Starting at the line that contains "XSNT thứ Sáu, kết", return every line through the end of the data exactly, without pictures.

> SUPPLIED DATA:

= Beginning of Section =

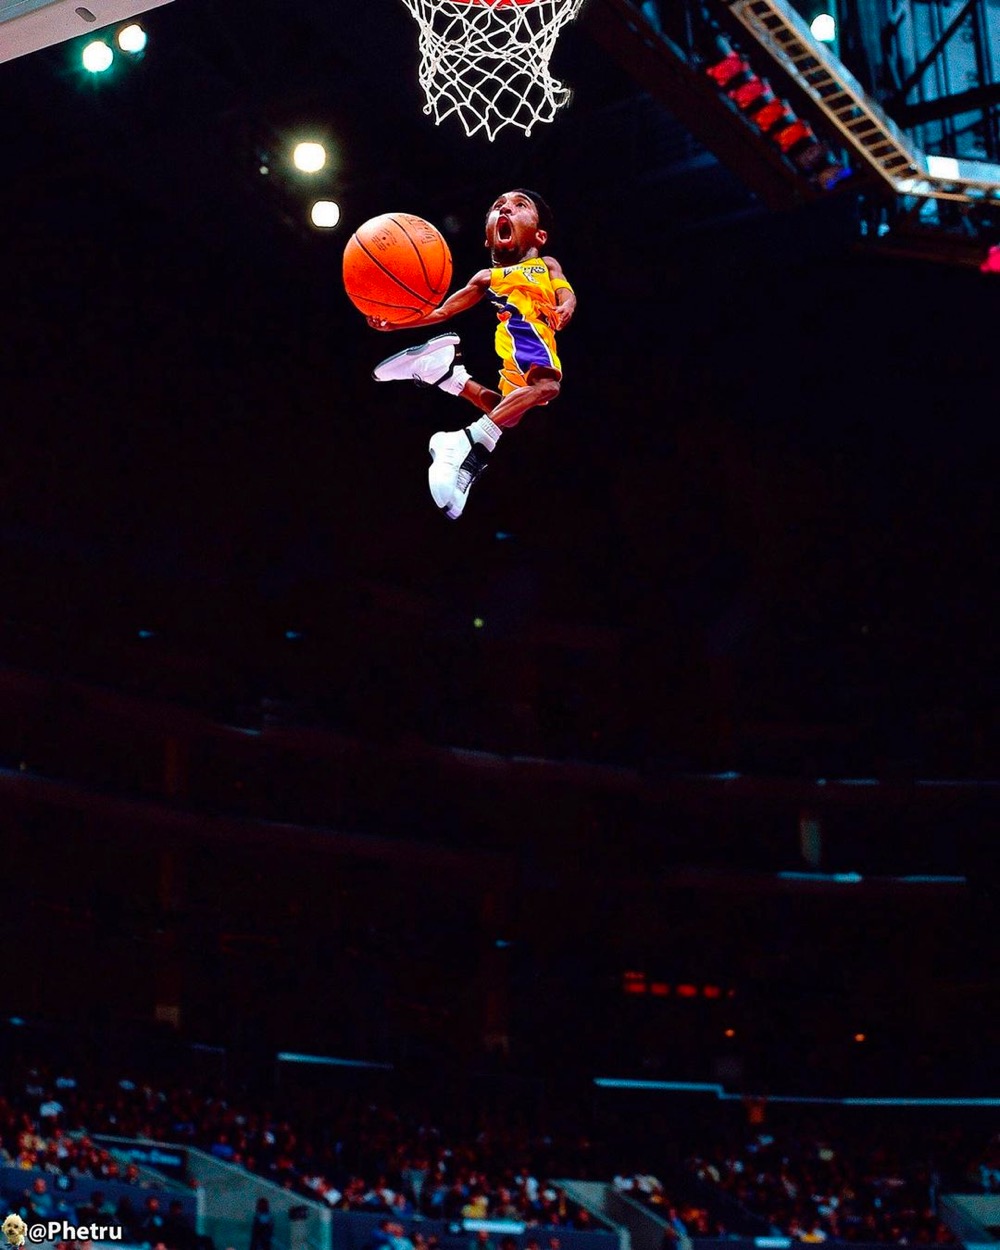 a tiny Kobe Bryant dunking
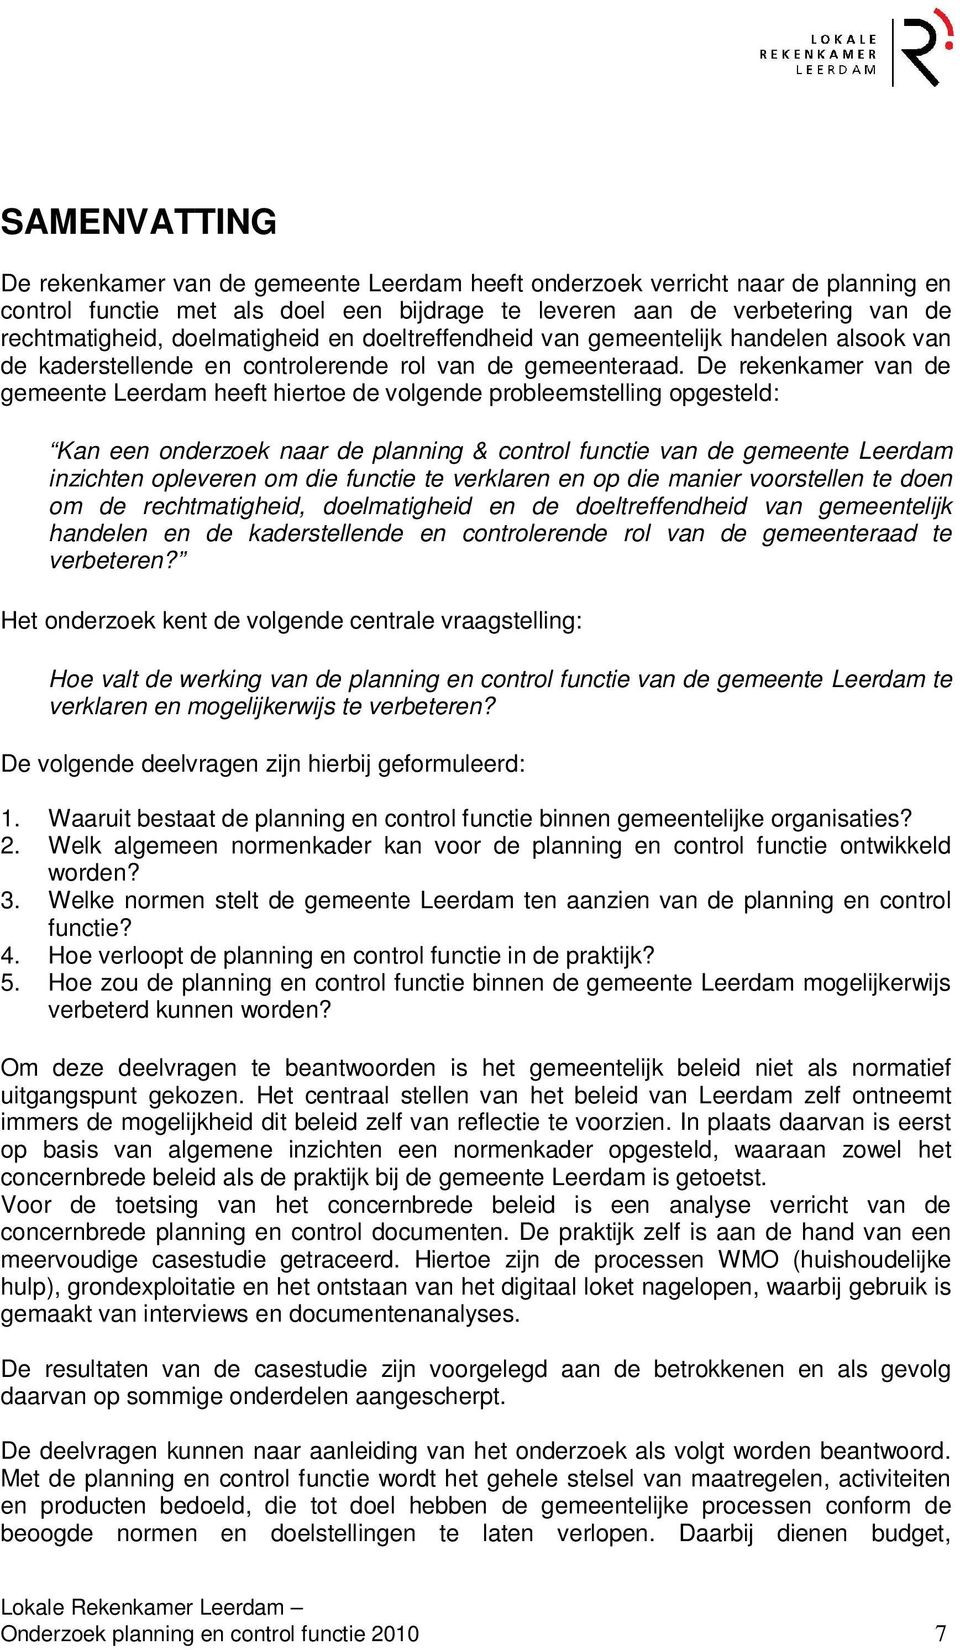 De rekenkamer van de gemeente Leerdam heeft hiertoe de volgende probleemstelling opgesteld: Kan een onderzoek naar de planning & control functie van de gemeente Leerdam inzichten opleveren om die
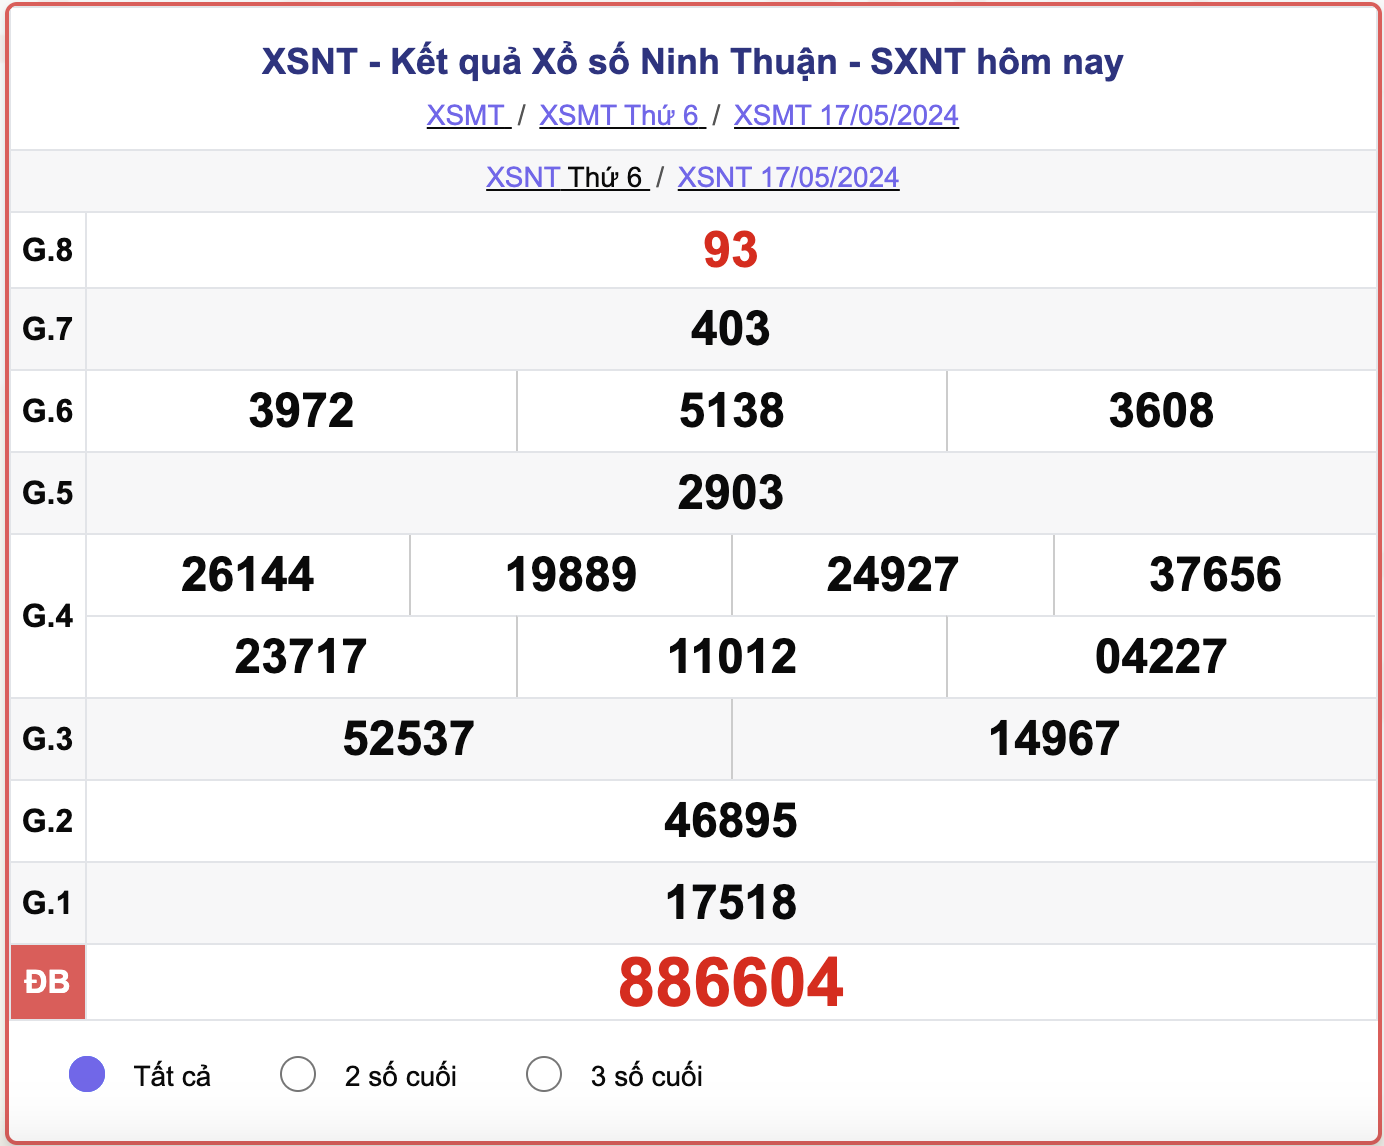 XSNT thứ Sáu, kết quả xổ số Ninh Thuận ngày 17/5/2024.
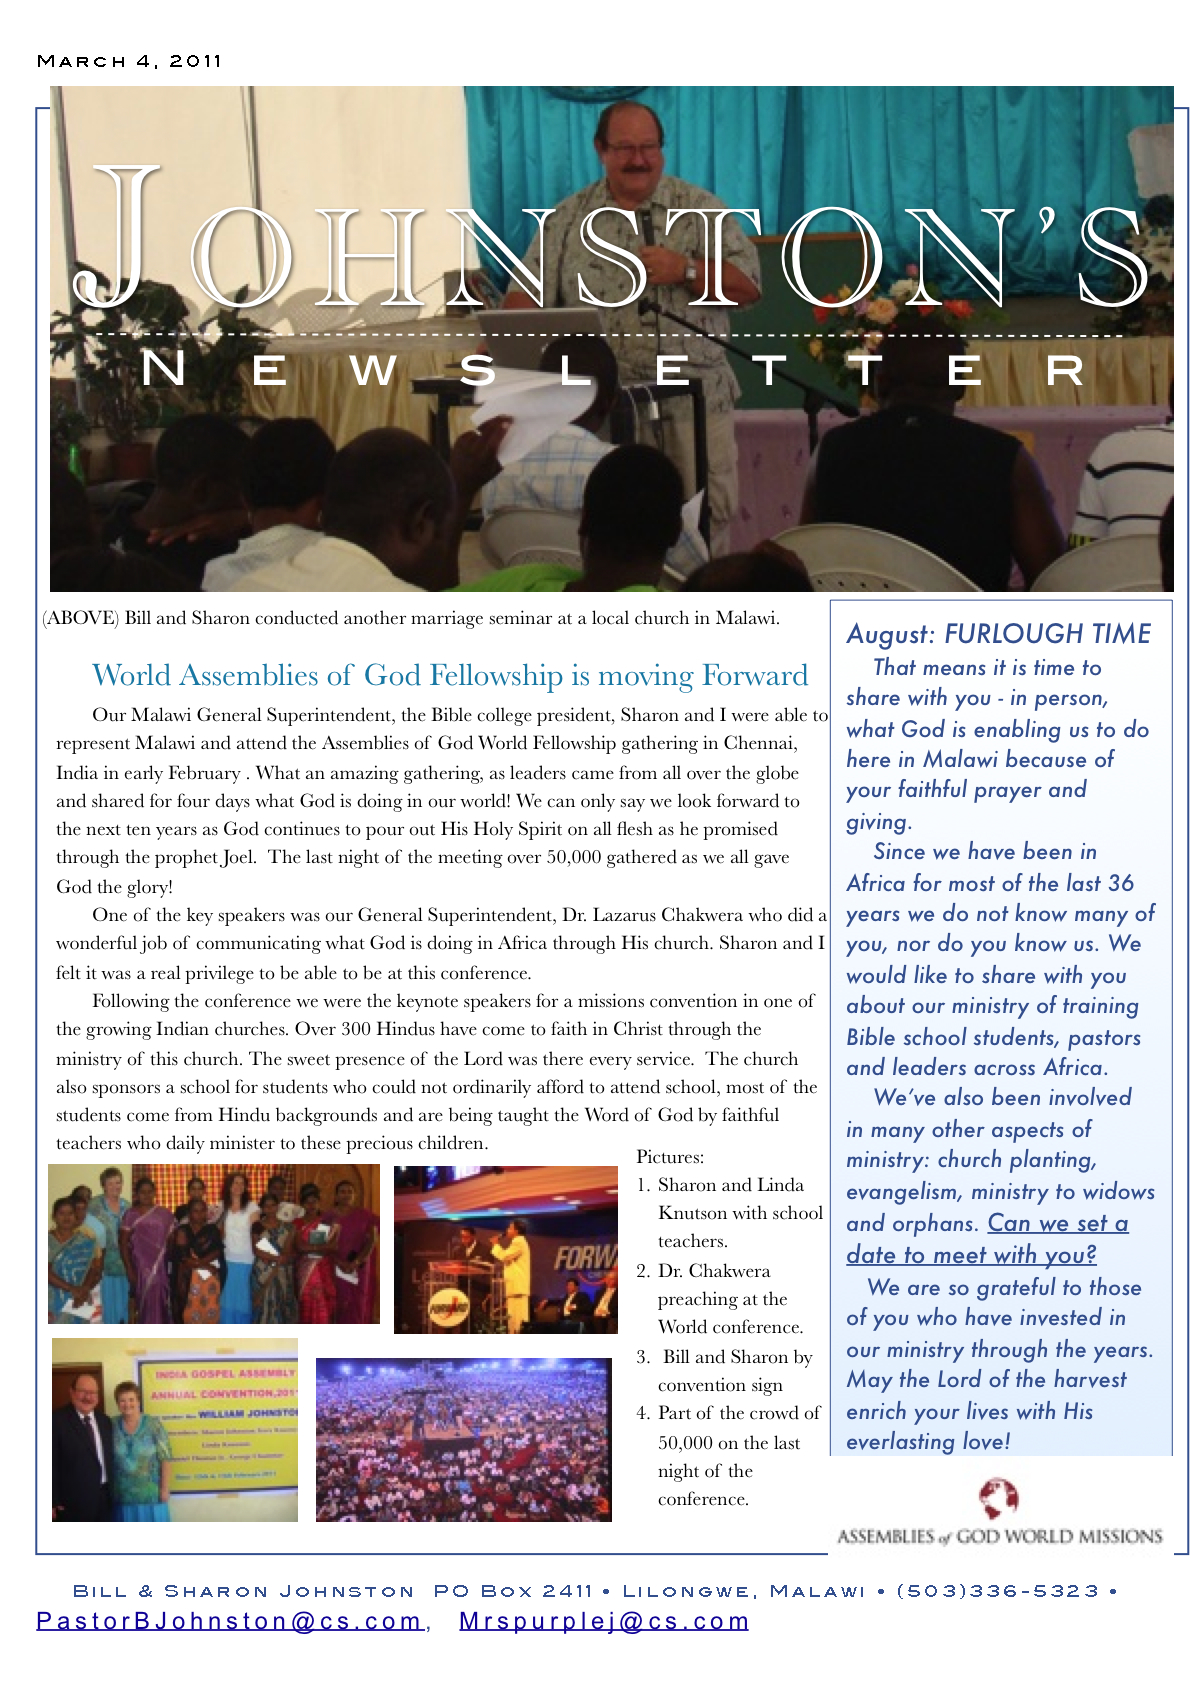 Johnston's November 2010 newsletter

= End of Section =

> RESPONSE TO THIS TASK:
 XSNT thứ Sáu, kết quả xổ số Ninh Thuận ngày 17/5/2024.
 Johnston's November 2010 newsletter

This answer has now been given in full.